━━━━━ Record extracts
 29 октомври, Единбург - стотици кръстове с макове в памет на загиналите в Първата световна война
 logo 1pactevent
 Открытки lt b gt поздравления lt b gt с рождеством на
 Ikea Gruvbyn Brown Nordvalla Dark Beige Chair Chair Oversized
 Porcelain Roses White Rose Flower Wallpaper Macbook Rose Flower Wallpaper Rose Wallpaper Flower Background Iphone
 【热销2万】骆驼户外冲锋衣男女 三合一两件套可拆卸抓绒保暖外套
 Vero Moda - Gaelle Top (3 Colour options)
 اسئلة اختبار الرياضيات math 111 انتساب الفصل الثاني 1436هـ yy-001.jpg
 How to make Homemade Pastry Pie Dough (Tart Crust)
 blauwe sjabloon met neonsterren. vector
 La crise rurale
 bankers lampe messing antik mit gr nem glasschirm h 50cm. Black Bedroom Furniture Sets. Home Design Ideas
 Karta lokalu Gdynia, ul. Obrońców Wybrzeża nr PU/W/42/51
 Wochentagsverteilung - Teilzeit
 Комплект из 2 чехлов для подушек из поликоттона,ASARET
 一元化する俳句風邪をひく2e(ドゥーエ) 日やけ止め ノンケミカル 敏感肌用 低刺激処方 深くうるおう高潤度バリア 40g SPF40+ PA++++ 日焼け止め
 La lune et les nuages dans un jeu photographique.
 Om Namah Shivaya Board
━━━━━━━━━━
• What you are asked to do: From the line holding "اسئلة اختبار الرياضيات" down to the final line above, quote every line exactly and only those lines.

• Result of this task:
 اسئلة اختبار الرياضيات math 111 انتساب الفصل الثاني 1436هـ yy-001.jpg
 How to make Homemade Pastry Pie Dough (Tart Crust)
 blauwe sjabloon met neonsterren. vector
 La crise rurale
 bankers lampe messing antik mit gr nem glasschirm h 50cm. Black Bedroom Furniture Sets. Home Design Ideas
 Karta lokalu Gdynia, ul. Obrońców Wybrzeża nr PU/W/42/51
 Wochentagsverteilung - Teilzeit
 Комплект из 2 чехлов для подушек из поликоттона,ASARET
 一元化する俳句風邪をひく2e(ドゥーエ) 日やけ止め ノンケミカル 敏感肌用 低刺激処方 深くうるおう高潤度バリア 40g SPF40+ PA++++ 日焼け止め
 La lune et les nuages dans un jeu photographique.
 Om Namah Shivaya Board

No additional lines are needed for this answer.